Computing and network technologies have transformed many aspects of everyday life. Computers have become household staples rather than luxuries, educational tools and/or entertainment centers, and provide individuals and corporations with tools to manage and forecast finances, control operations such as heating, cooling, lighting and security, and store records and images in a permanent and reliable medium. Networking technologies like the Internet provide individuals virtually unlimited access to remote systems, information and associated applications.
As computing and network technologies have evolved and have become more robust, secure and reliable, more consumers, wholesalers, retailers, entrepreneurs, educational institutions and the like are shifting paradigms and are employing the Internet to perform business rather traditional means. For example, today consumers can access their bank accounts on-line (e.g., via the Internet) and can perform an ever growing number of banking transactions such as balance inquiries, fund transfers, bill payments, and the like.

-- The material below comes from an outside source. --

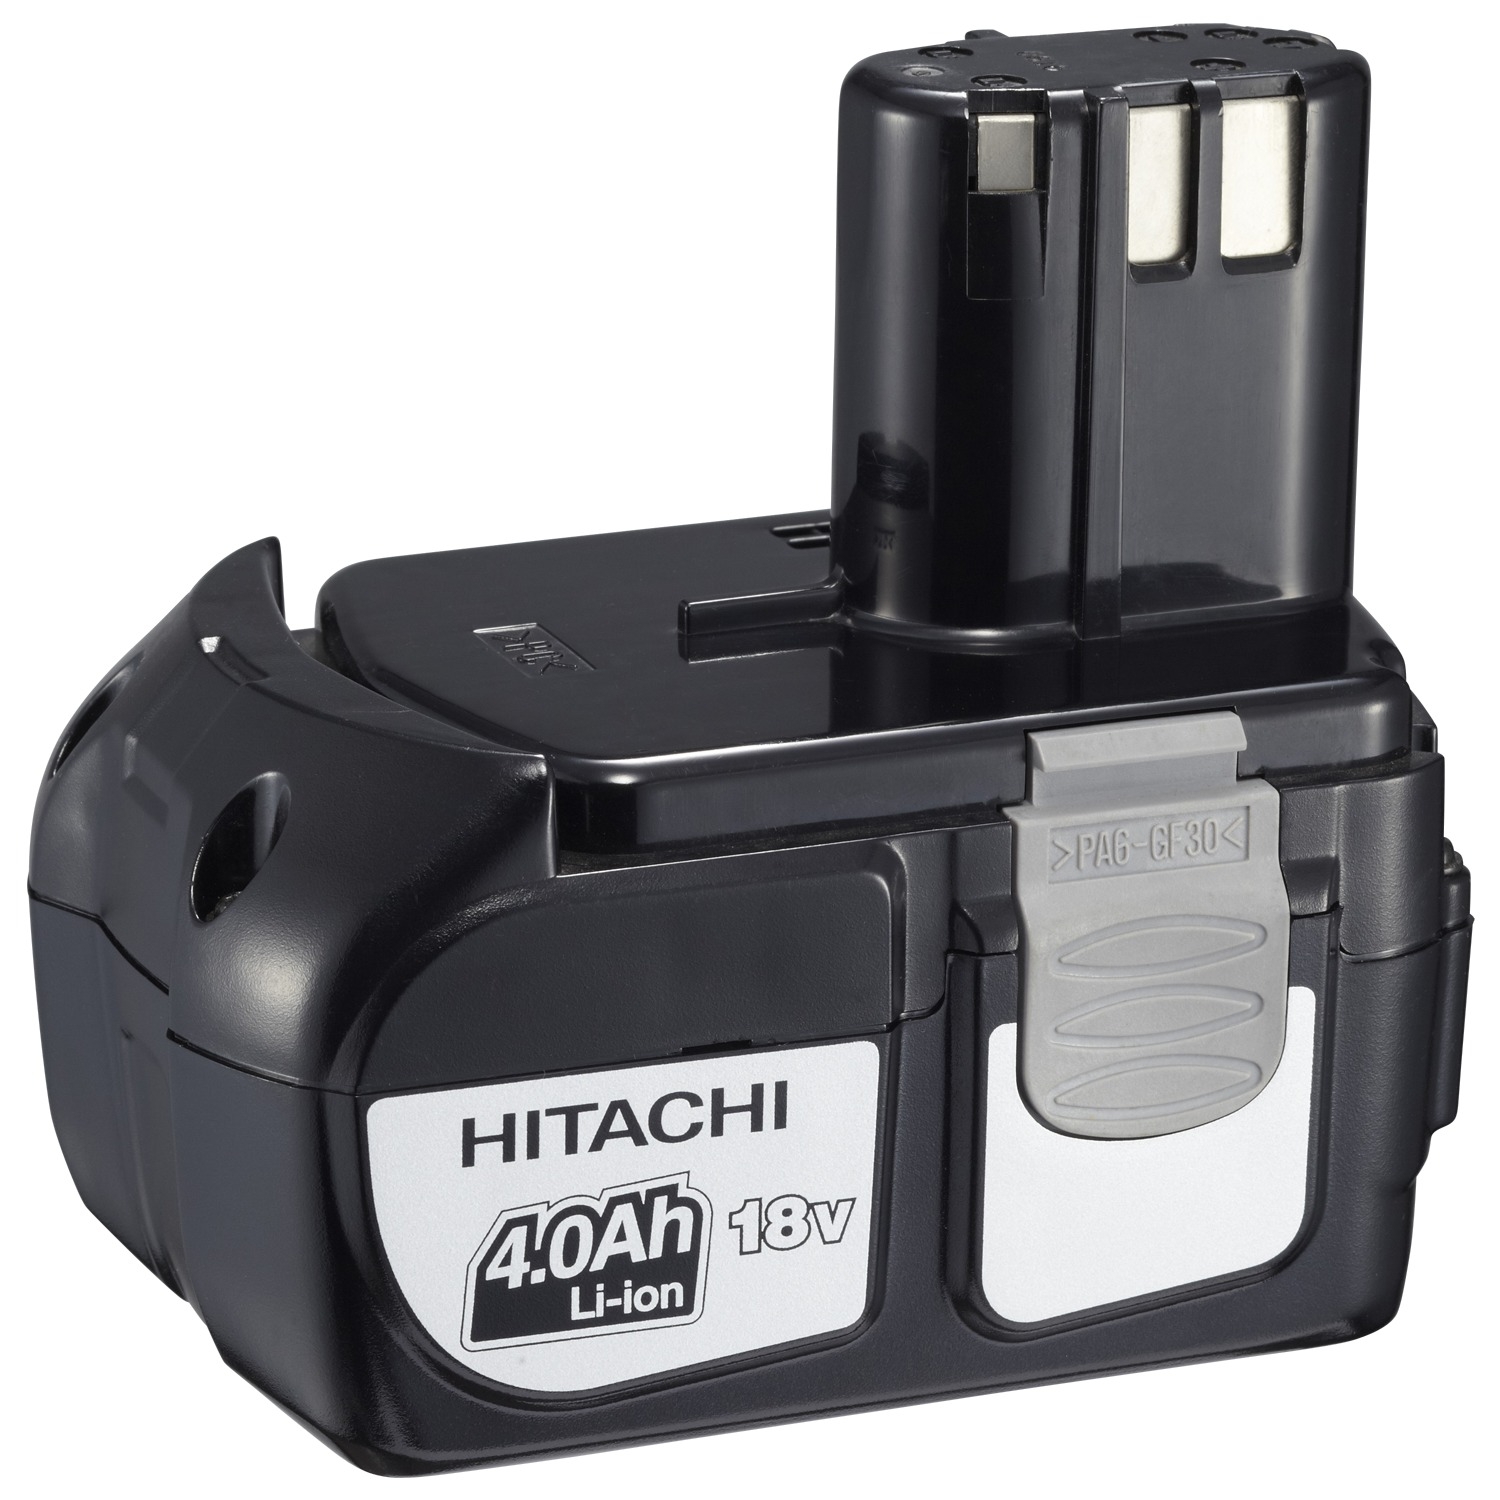 18v battery. Hitachi 18v li-ion Battery. Аккумулятор Hitachi 14.4v li-ion. Аккумулятор для шуруповерта Хитачи 18в. Аккумулятор для шуруповерта Hikoki 18 v.

Typically, an on-line session can include individuals interfacing with client applications (e.g., web services) to interact with a database server that stores information in a database accessible to client applications. For instance, a stock market web site can provide users with tools to retrieve stock quotes and purchase stock. Users can enter stock symbols and request stock quotes by performing mouse clicks to activate a query. Client applications can then query databases containing stock information and return appropriate stock quotes. Users, based on returned stock quote information, can thereafter purchase or sell stocks by supplying suitable information, wherein submitting buy or sell orders initiate database queries to return current pricing information and order status.
When provided with collections of sets, set-similarity joins are capable of identifying all pairs of sets, one from each collection, that have high overlap. Set-similarity Joins (SSJoins) are a useful primitive that can be employed to implement similarity joins involving other types of data, and has numerous applications. However, to date, implementation of set-similarity joins has been deficient in that such implementations have not always produced exact answers and/or have not provided precise performance guarantees. Rather previous implementations have either been probabilistically approximate with performance guarantees, or exact but without performance guarantees. As such, probabilistically approximate approaches can miss some output pairs with a small probability, while exact techniques always produce the correct answer but without appropriate performance guarantees.